9/19/12

TBR Challenge Review: No Mercy by Lori Armstrong

Format: Mass market paperback
Pub Date: Dec 2010
Publisher: Pocket (Simon and Schuster)
Length: 379
FTC: picked up for free at RT 12

This month's theme is "something other than romance." And since I originally started the blog as a romance AND MYSTERY blog, I thought it was time to review a mystery. Most of my TBR pile is still in boxes from some room switching we did this spring, but I had my RT Convention books handy. And in that pile was No Mercy by Lori Armstrong.

I've read Lori Armstrong in her Lorelei James persona, but wasn't really sure what to expect of her writing as a mystery author. For starters, the styles are nothing at all alike. There are those authors whose books you would recognize regardless of who they are writing as or in whatever genre: Armstrong is not one of them. If I didn't *know* these were written by the same person, I'd never connect the two. Honestly? I prefer the James stories. And not just because they're filled with sexy cowboys and happily ever after.
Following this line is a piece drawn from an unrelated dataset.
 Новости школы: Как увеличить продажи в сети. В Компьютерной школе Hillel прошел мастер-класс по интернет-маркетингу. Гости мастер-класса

The beginning of the book reads almost like a South Dakotan version of William Bartram's Travels. Paragraph after paragraph of plants, dirt, more plants, more dirt. I know it's meant to underscore the relationships between the characters and the land, but I was bored. I'm normally a fan of setting description, but this was pure info dump. I'd far rather have it interwoven throughout the text as relevant. Especially since this book is written in the first person, and we're supposed to follow along as the main character lists every plant that manages to grow on that ranch.  Russian olive, weeping willow, tallgrass, blue grama, prairie dropseed, fescue, lambsear, sagebrush...It's endless. And all shoved in before page 40.

Character development was a bit better, but there were still some problems. Specifically, the crap-ton of bad shit happening to both the main character and her sister in their childhoods. I had a really difficult time believing that a family would have so many violent accidents, especially in such a short period of time. It wasn't enough that Mercy witnessed her mother's death by a panicked thoroughbred. Her sister *also* had to accidentally kill her best friend while playing with a gun as a child. Add in a teenage pregnancy or two, a miscarriage and hysterectomy, and various other "bad stuff" all before the story even starts, and I just felt it was overdone. The "curse" of the Gundersons was too much for my suspension of disbelief.
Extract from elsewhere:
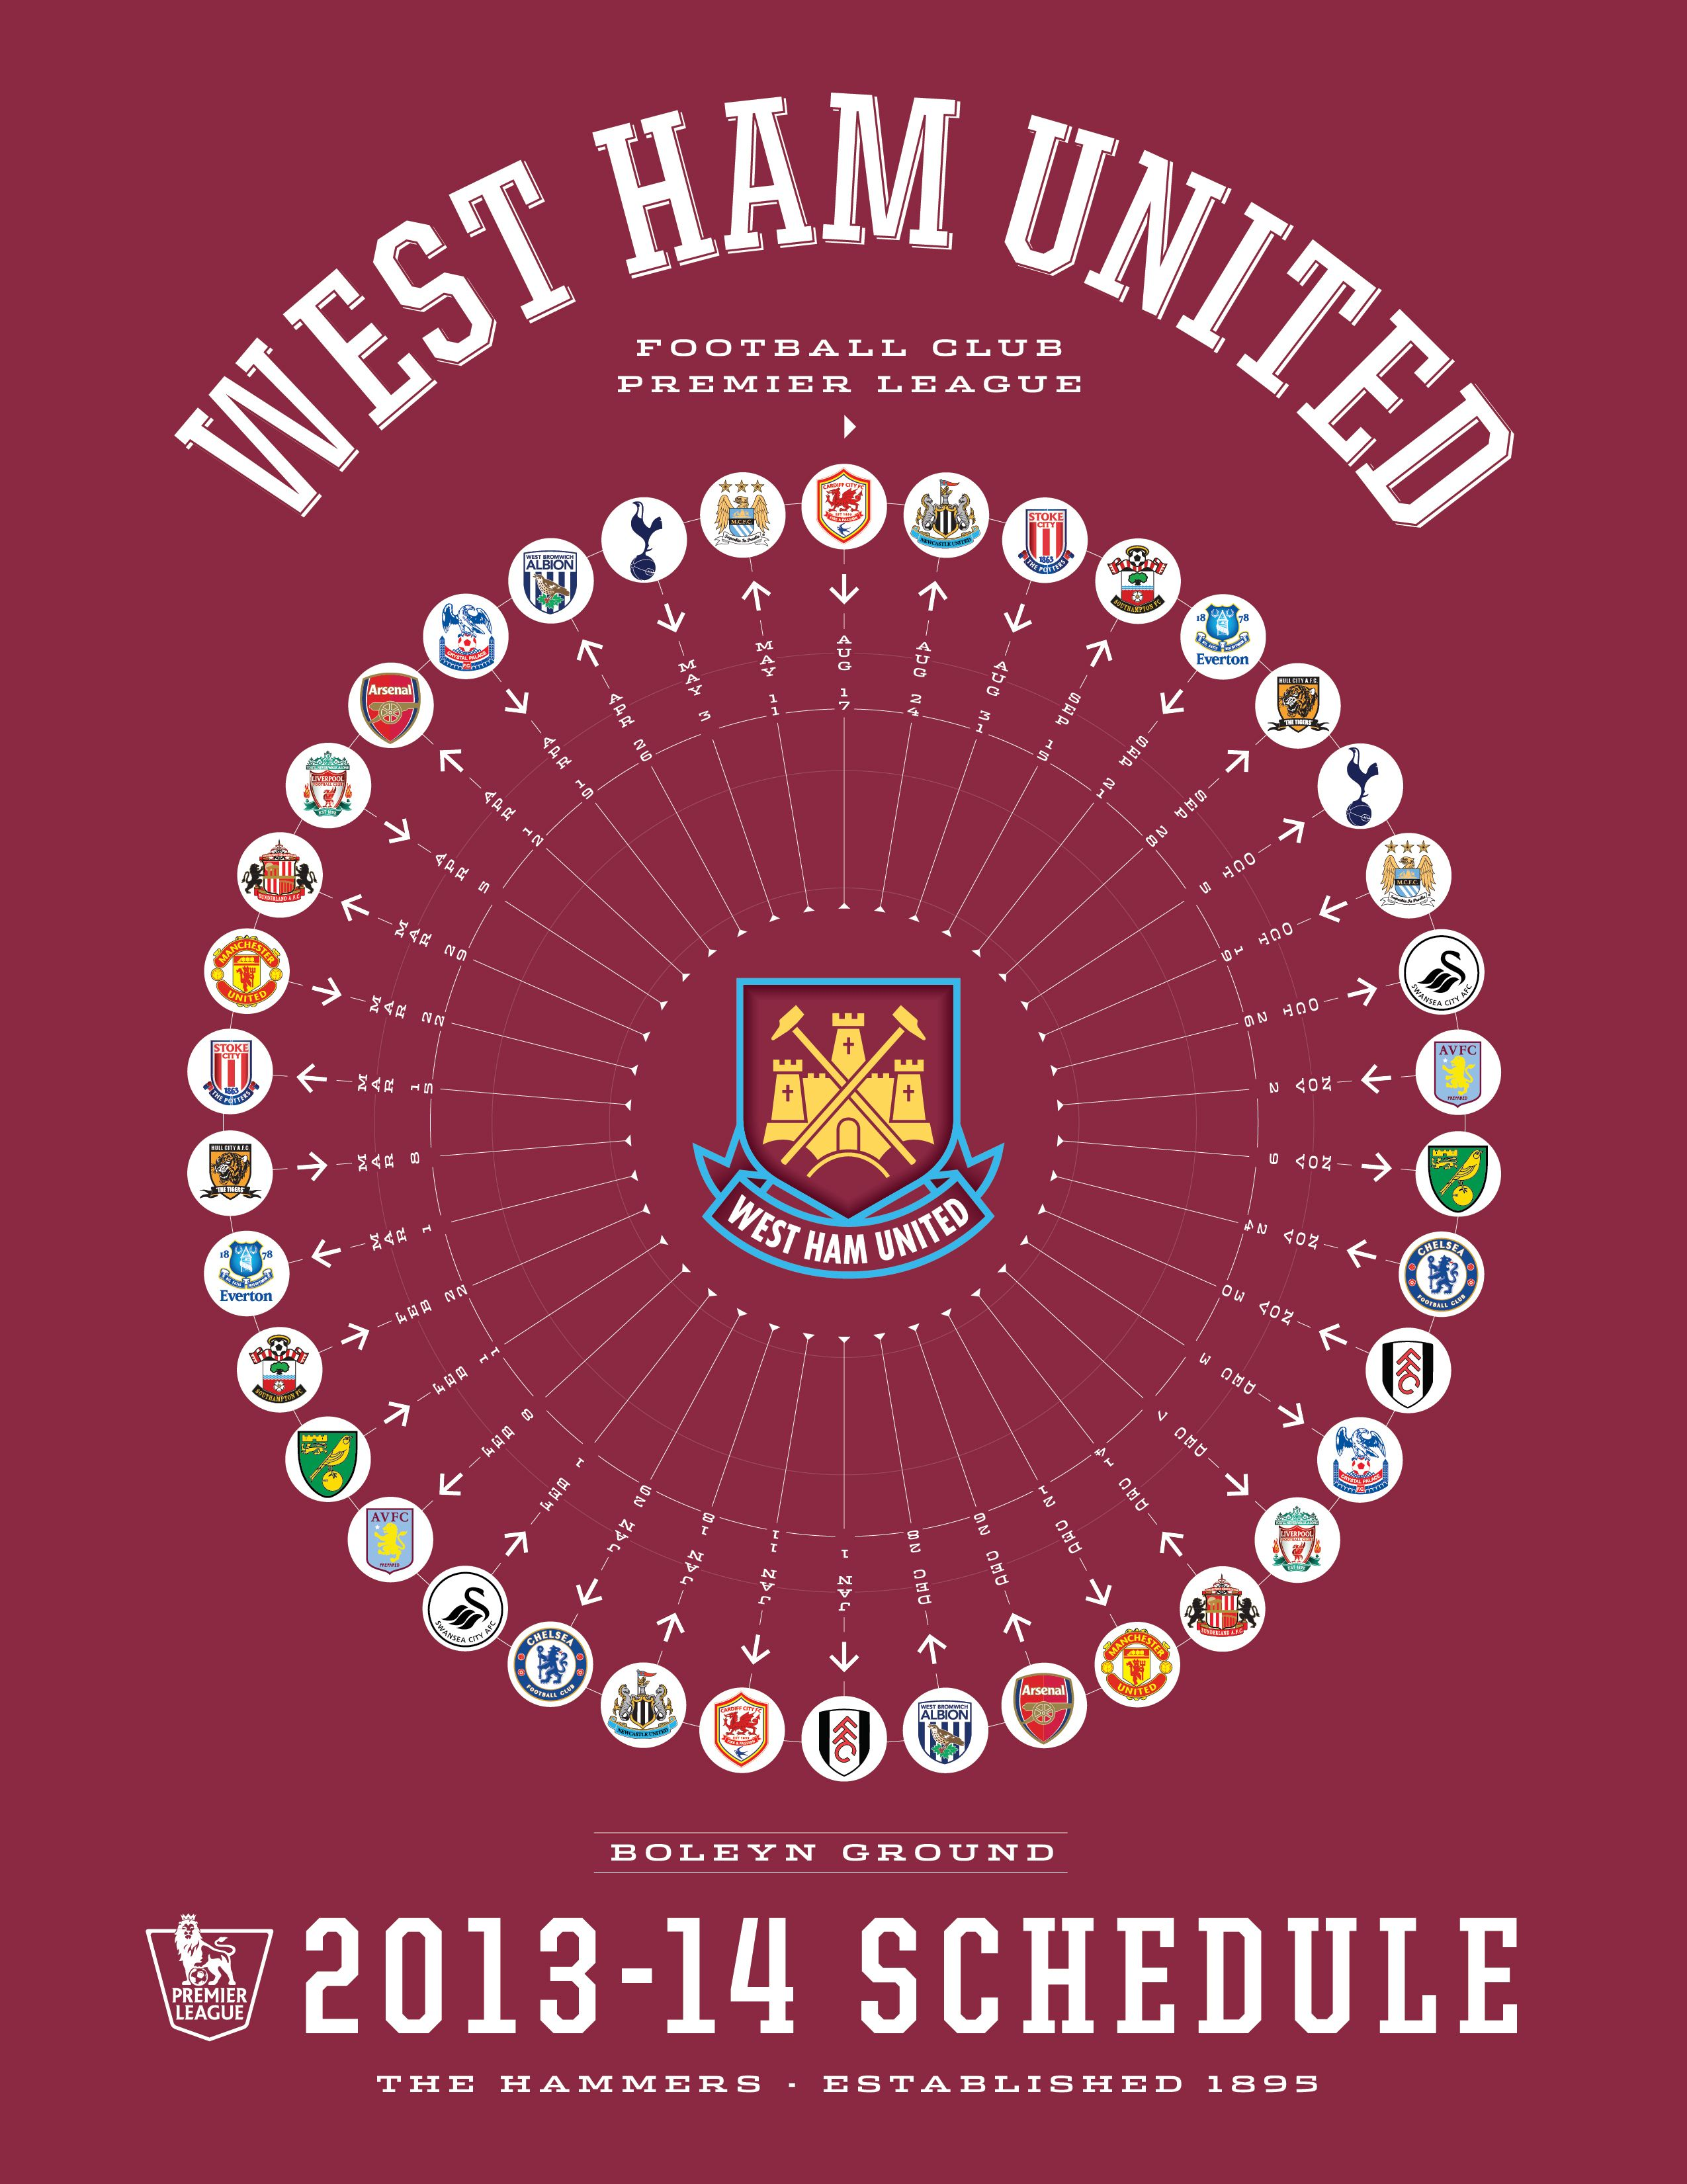 west ham united 2013-14 premier league schedule   2013-14 premier

Mercy, herself, is very unlikable. Which is fine, except for when I'm wincing at her liver-pickling alcohol intake or sheer obliviousness. My favorite parts of the story are when Mercy and Dawson, the Sheriff, interact. This is the only part of the book where I could catch glimpses of the storytelling I get from Lorelei James. Sexual tension, the importance of the physical as well as the verbal...Those few scenes are powerful in an otherwise bland story.

The whodunnit was fairly obvious, other than a small twist at the end that wasn't all that twisted. It could be I watch too many crime shows, but I just wasn't surprised at all by the guilty parties. And I like to be stumped.

Overall, this wasn't what I would consider a good "regional" mystery. It needed more finesse, a faster pace, and more twists and turns. I didn't hate it and would consider trying the next installment in the series, but it's not the quality of storytelling I know this author is capable of.

My Grade: C-

The Blurb:
The body of a teenage Indian boy found on land belonging to the Gunderson ranch is just the beginning. When a second teen is killed, the crime moves even closer to home for Mercy. The Iraq veteran is no stranger to death, but these murders are deeply personal, recalling all too clearly a childhood marred by violence and tragedy. The local sheriff seems strangely apathetic, so Mercy throws herself into an investigation that is driven by a desire for justice . . . and retribution. But as she digs up the truth behind the shocking crimes, she uncovers dark and dangerous secrets involving those she loves. Now she must race to stop a killer before everything she’s fought for is destroyed forever.